*DATA SEGMENT*:
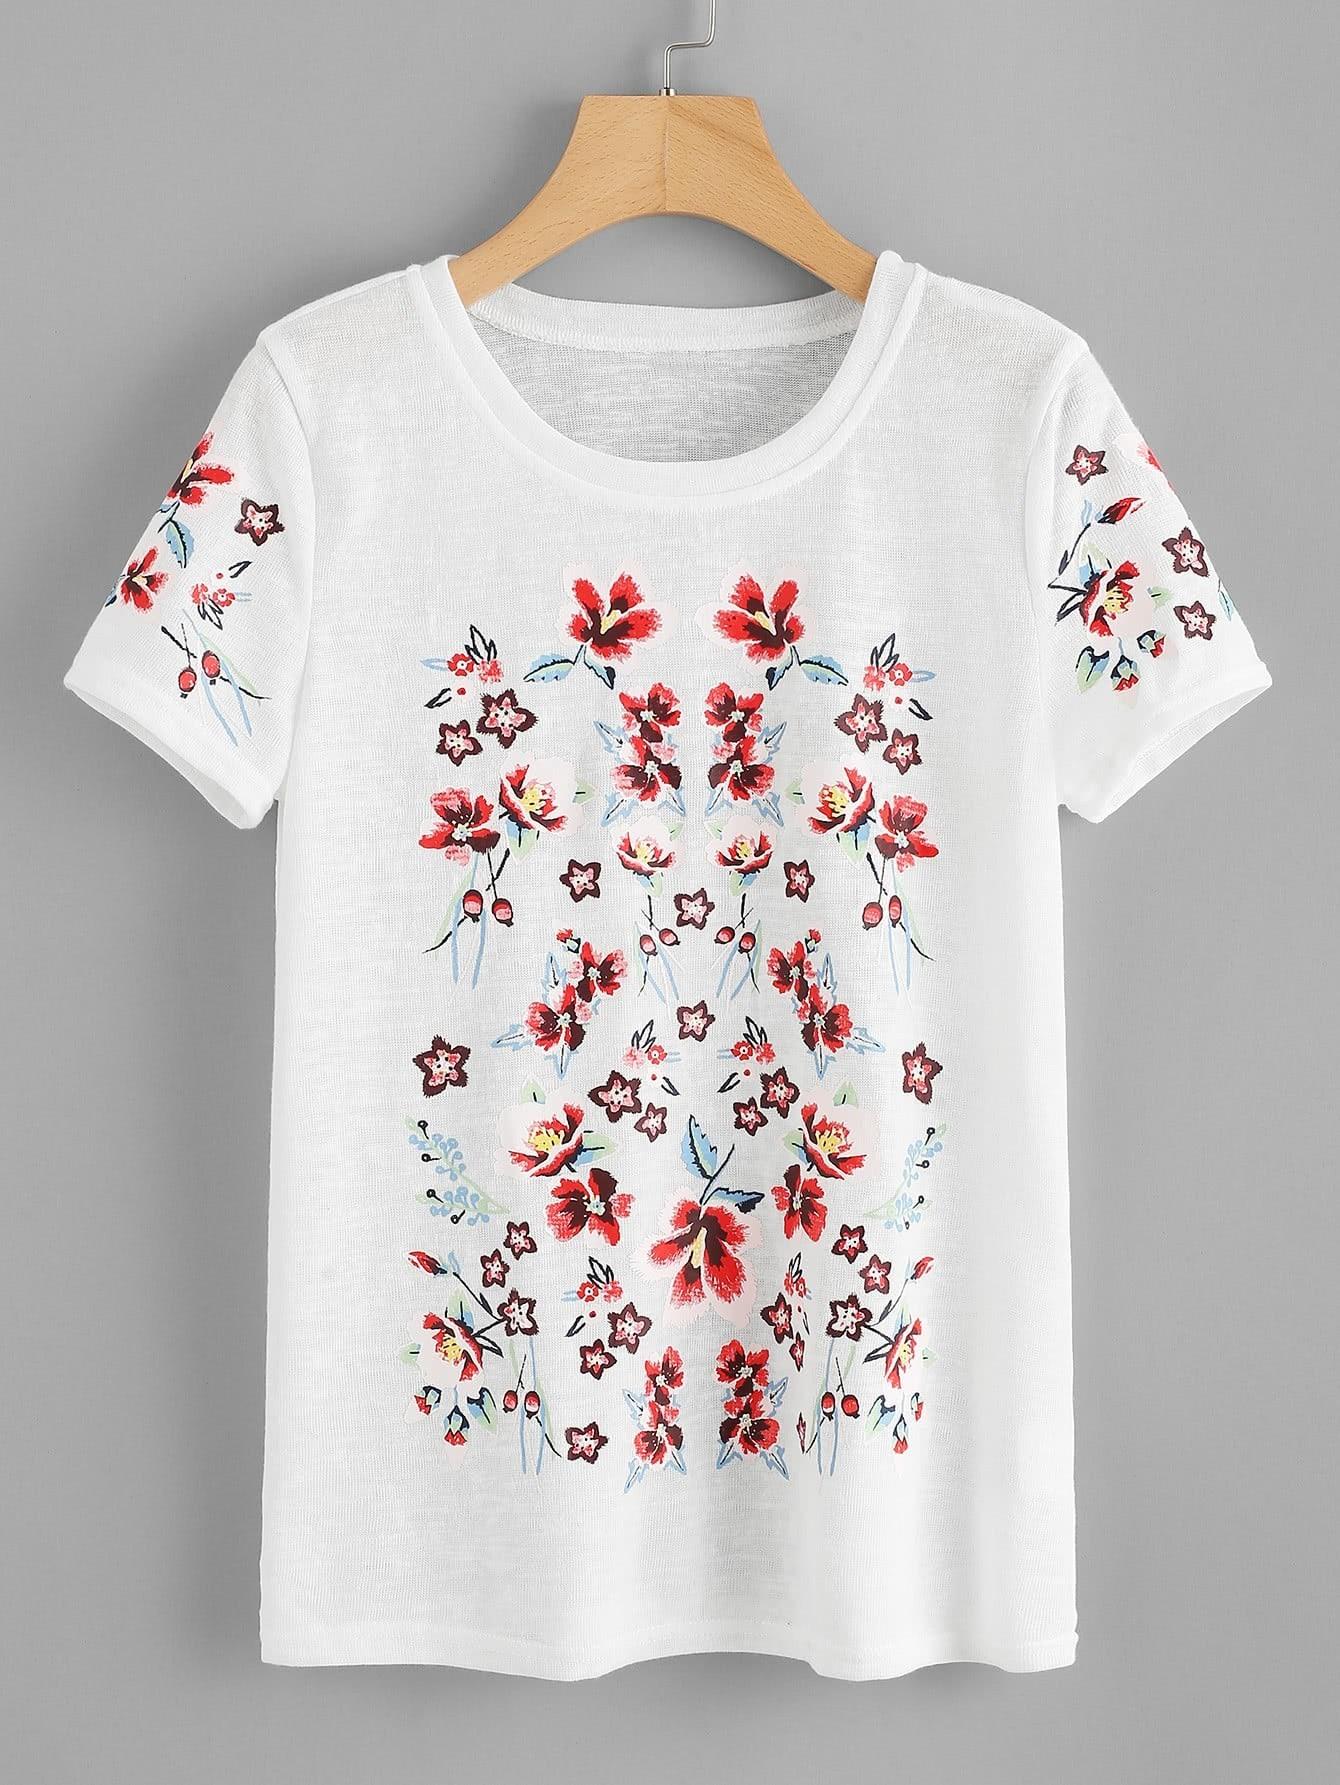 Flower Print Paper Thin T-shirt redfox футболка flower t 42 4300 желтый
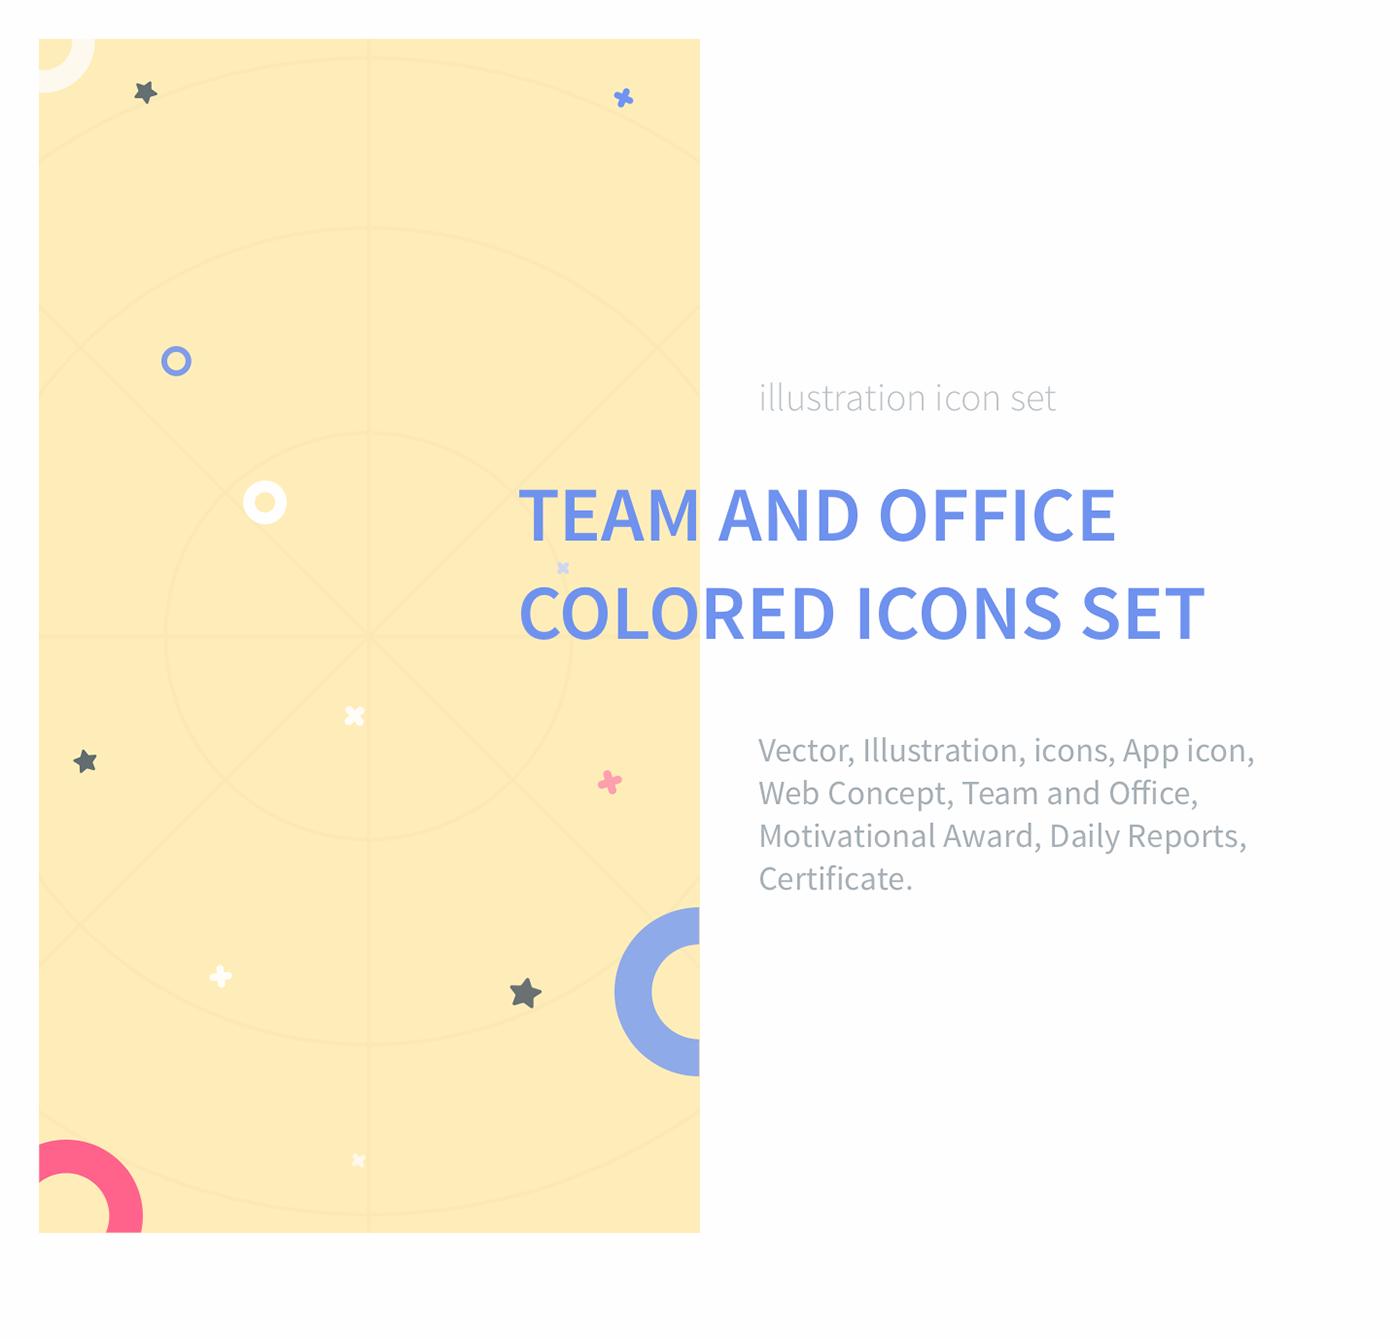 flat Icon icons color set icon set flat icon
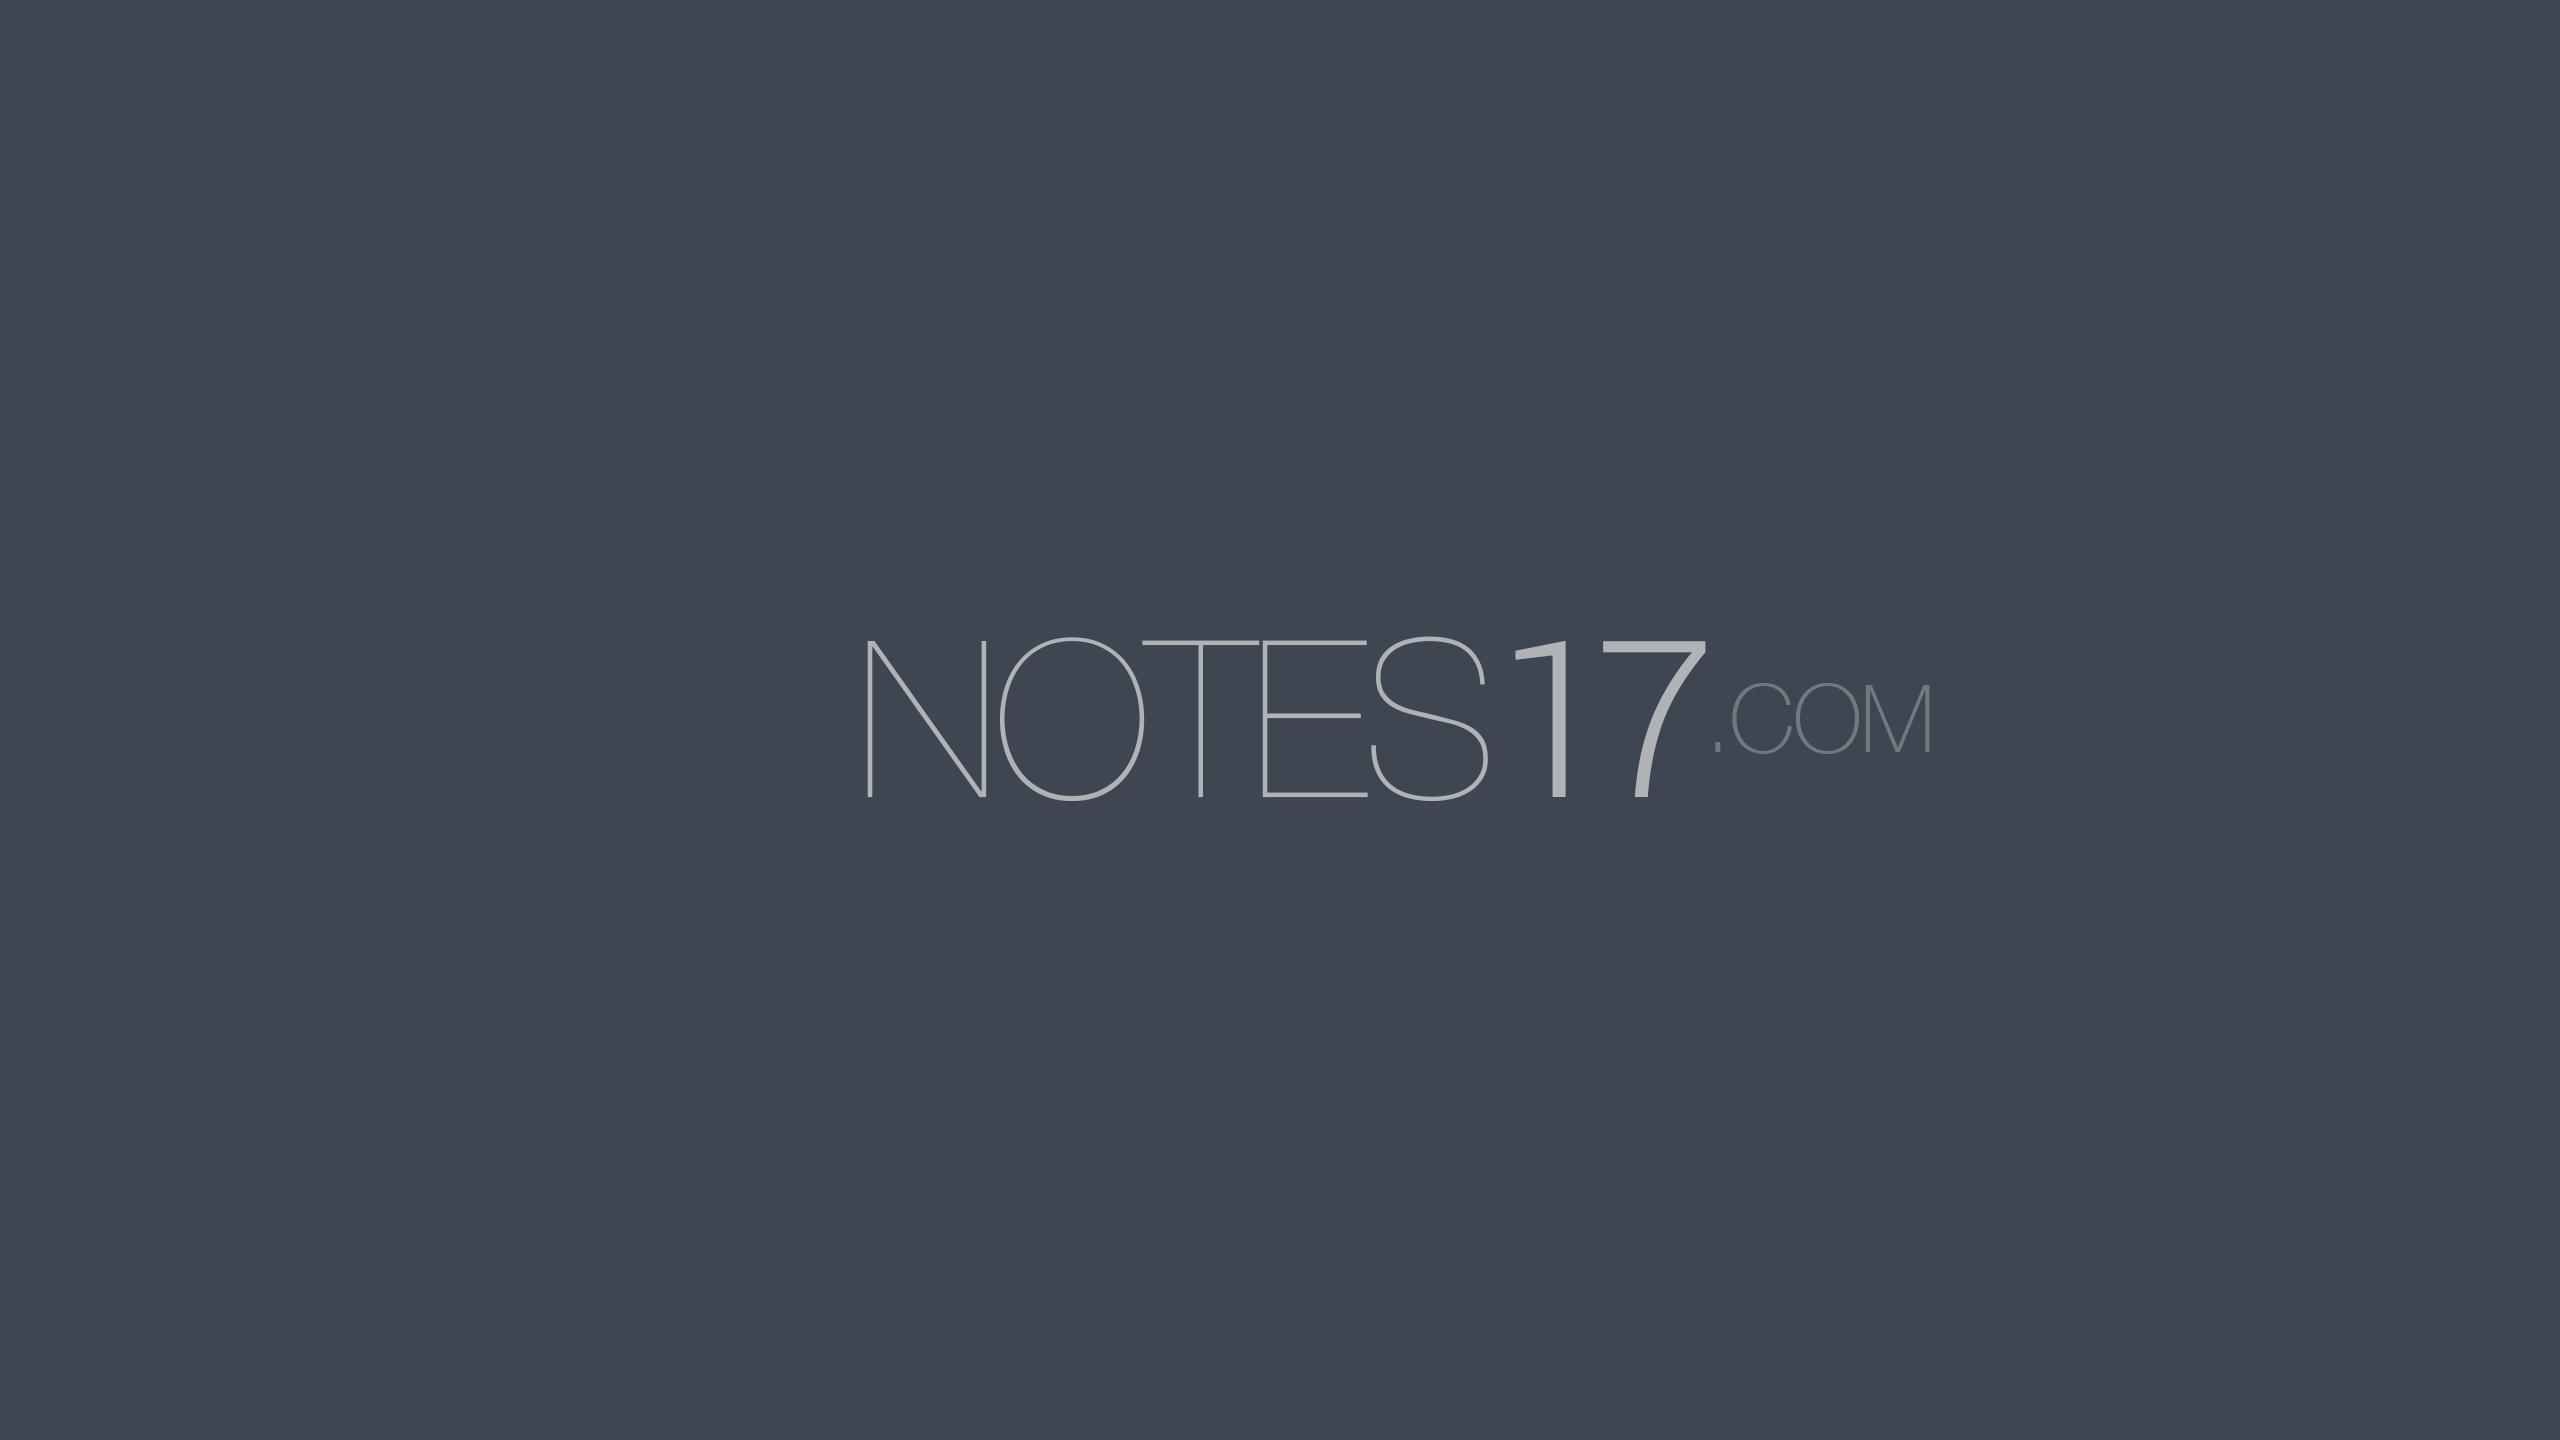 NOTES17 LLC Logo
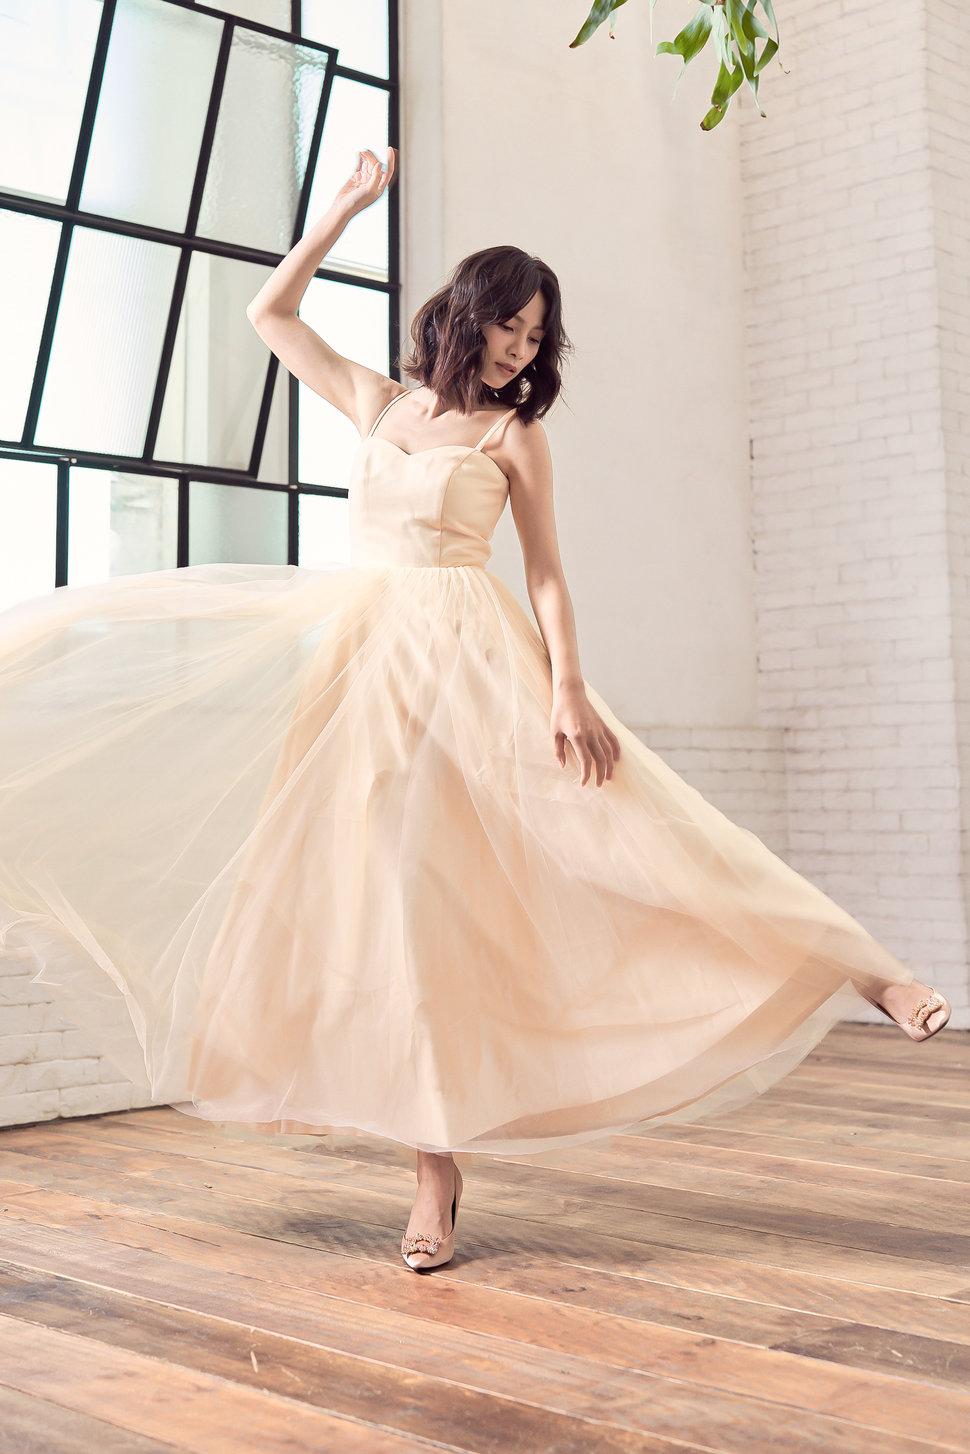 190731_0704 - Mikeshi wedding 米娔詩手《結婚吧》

*YOUR TASK*:
The whole listing above should be restated word for word, minus any images.

*WRITTEN ANSWER*:
 Flower Print Paper Thin T-shirt redfox футболка flower t 42 4300 желтый
 flat Icon icons color set icon set flat icon
 NOTES17 LLC Logo
 190731_0704 - Mikeshi wedding 米娔詩手《結婚吧》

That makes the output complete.